Being in the Prehistoric Forest

Wednesday, May 26th, 2010

Our prehistoric ancestors, who lived when forest covered much of Europe, experienced their world very differently to us. The trees would have hidden much of the landscape and people could only move between separate locations by well-worn tracks. Time, for them, related to distance.

The trees would have been hugely significant and individuals probably interacted with their favourite tree at a spiritual level (think of the Na’vi in Avatar). We can perhaps imagine people measuring their life’s progress against a tree, perhaps carving images on its trunk, or even singling it out for use as a totem pole. Modern hunter-gatherer forest dwellers in Siberia do similar.

In deciduous forests, people would have noticed the passing of the seasons from the trees, with the buds, leaves, and fruit forming key means of orientating the time of year. The subtle nuance of such change, experienced by people who lived their entire lives in the forest, is probably beyond our understanding. The sounds they would have noticed as they travelled through the forest told their own story and people probably relied upon their ears as much as their eyes.

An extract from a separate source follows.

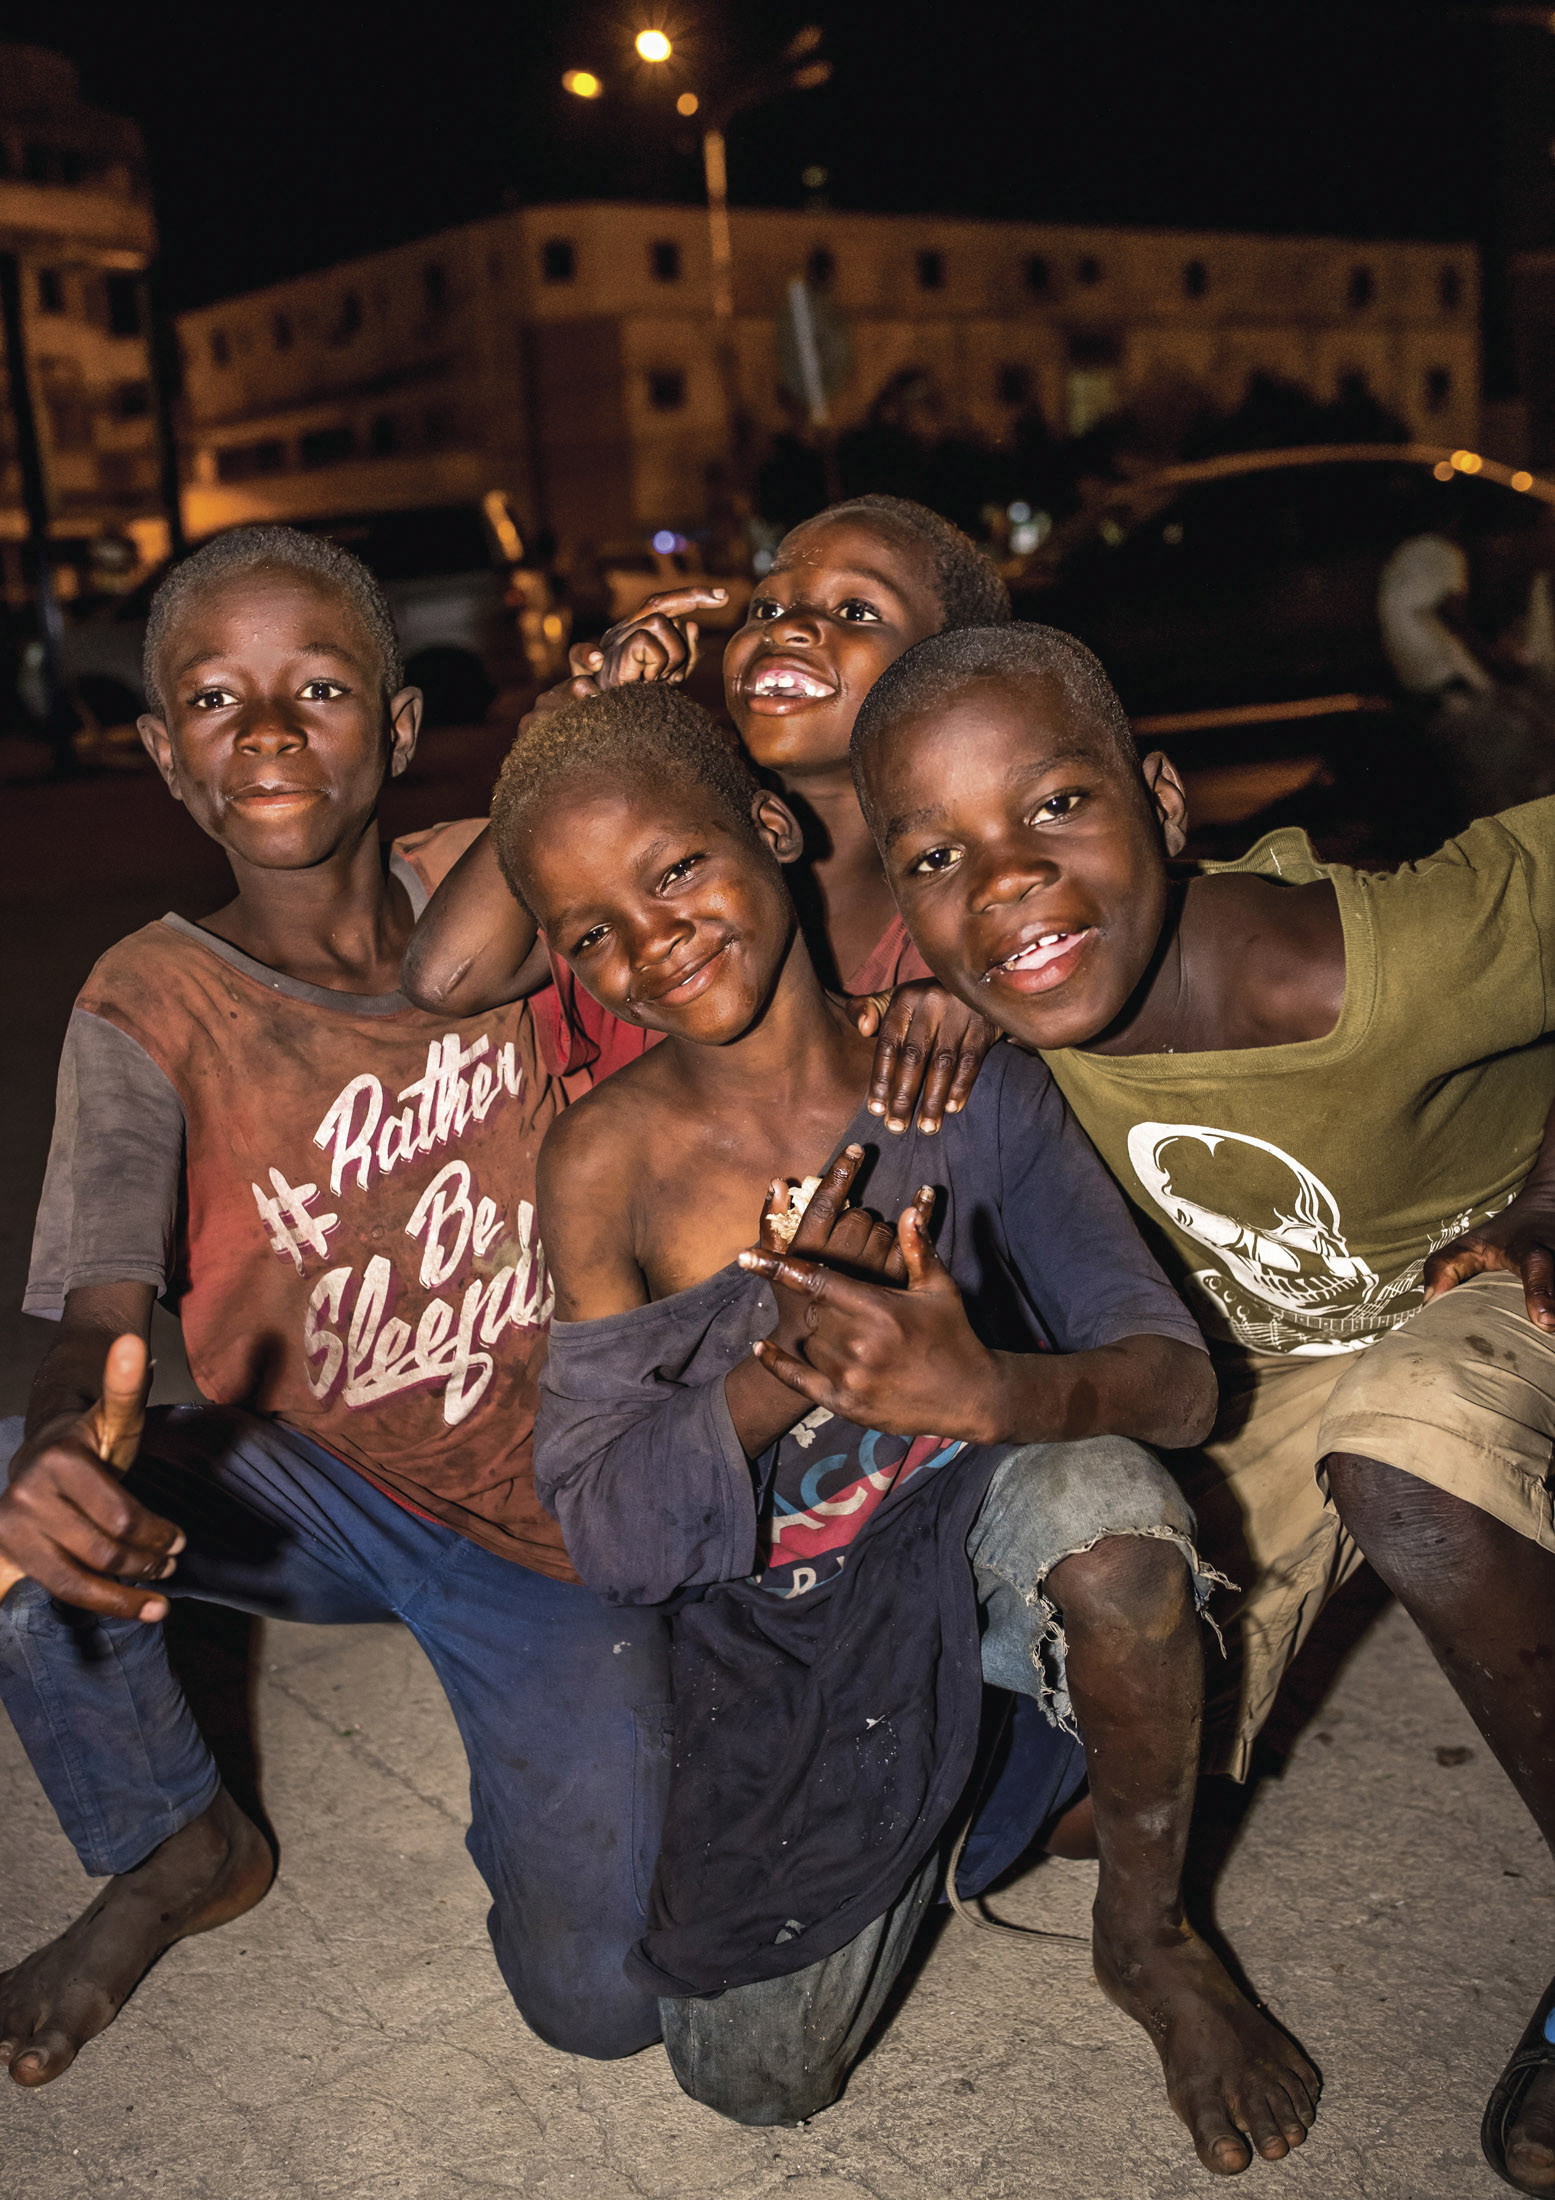 Vier fröhliche Jungen drängen sich nachts zusammen, lächeln und schauen in die Kamera. Einer hält Trommelstöcke, ein anderer zeigt seine Handflächen. Die Lichter der Stadt erhellen schwach den Hintergrund. © Fotografie Tomas Rodriguez
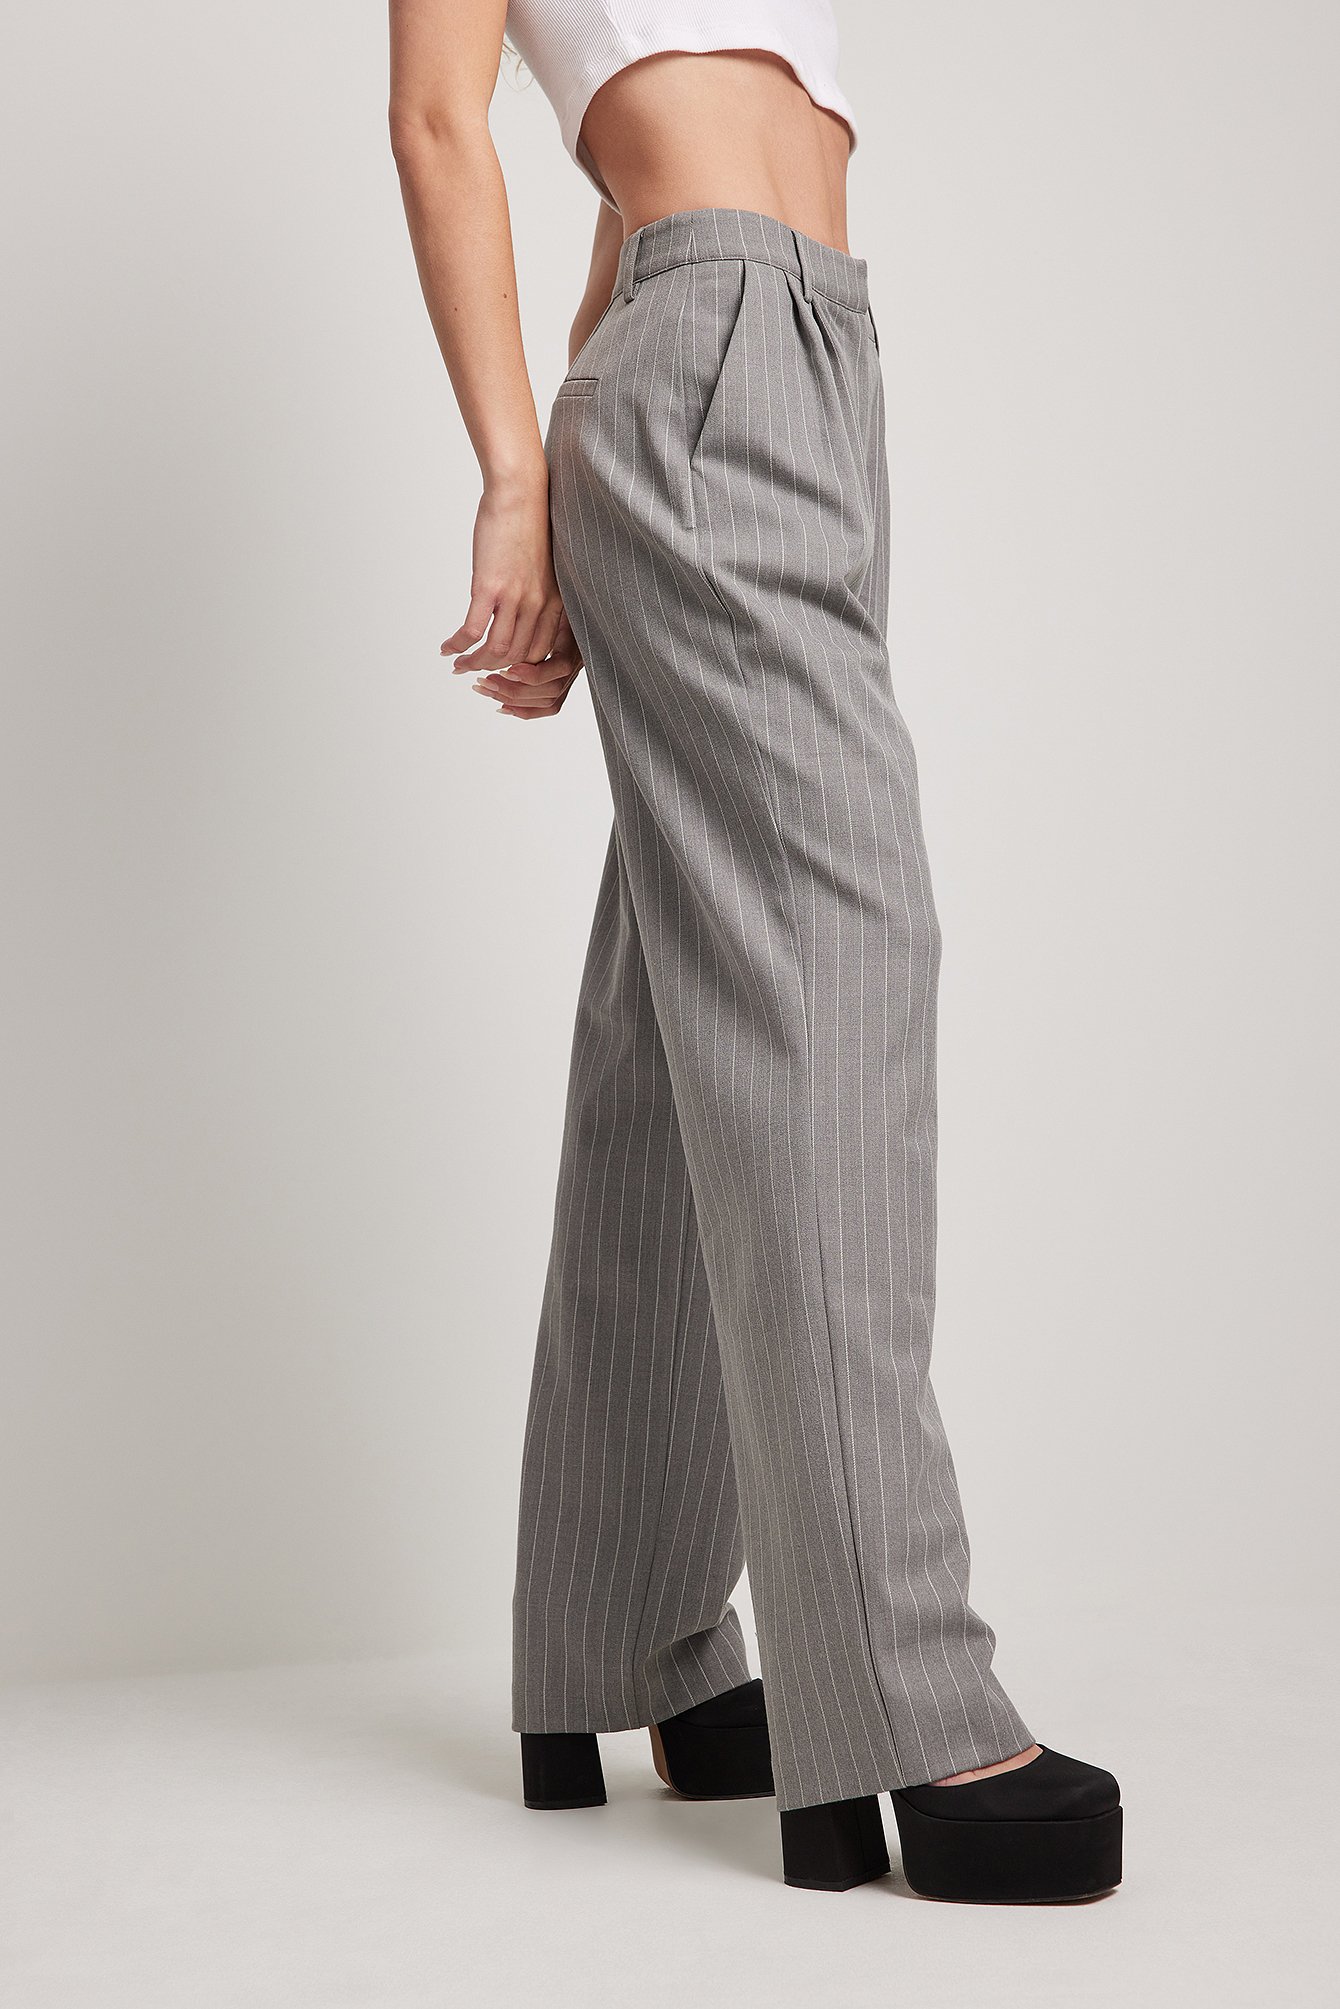 Mode Broeken Hoge taille broeken Esprit Hoge taille broek wit-blauw gestreept patroon casual uitstraling

People would have been far more aware of the cycle of the moon and the times when its light enabled them to move freely through the night. Rather than organising their sleeping patterns around the sun, as we do, they were probably far more in tune with the dark and light times of the lunar cycle. In coastal regions, the shifting tides would determine people’s activities, with intense periods of fishing and gathering interspersed with rest. The rising and setting of the sun may have been irrelevant.

In each case, Mesolithic people took their cues of time from the natural world and the environment in which they make their living. For many of us, it is a completely different way of being in the world.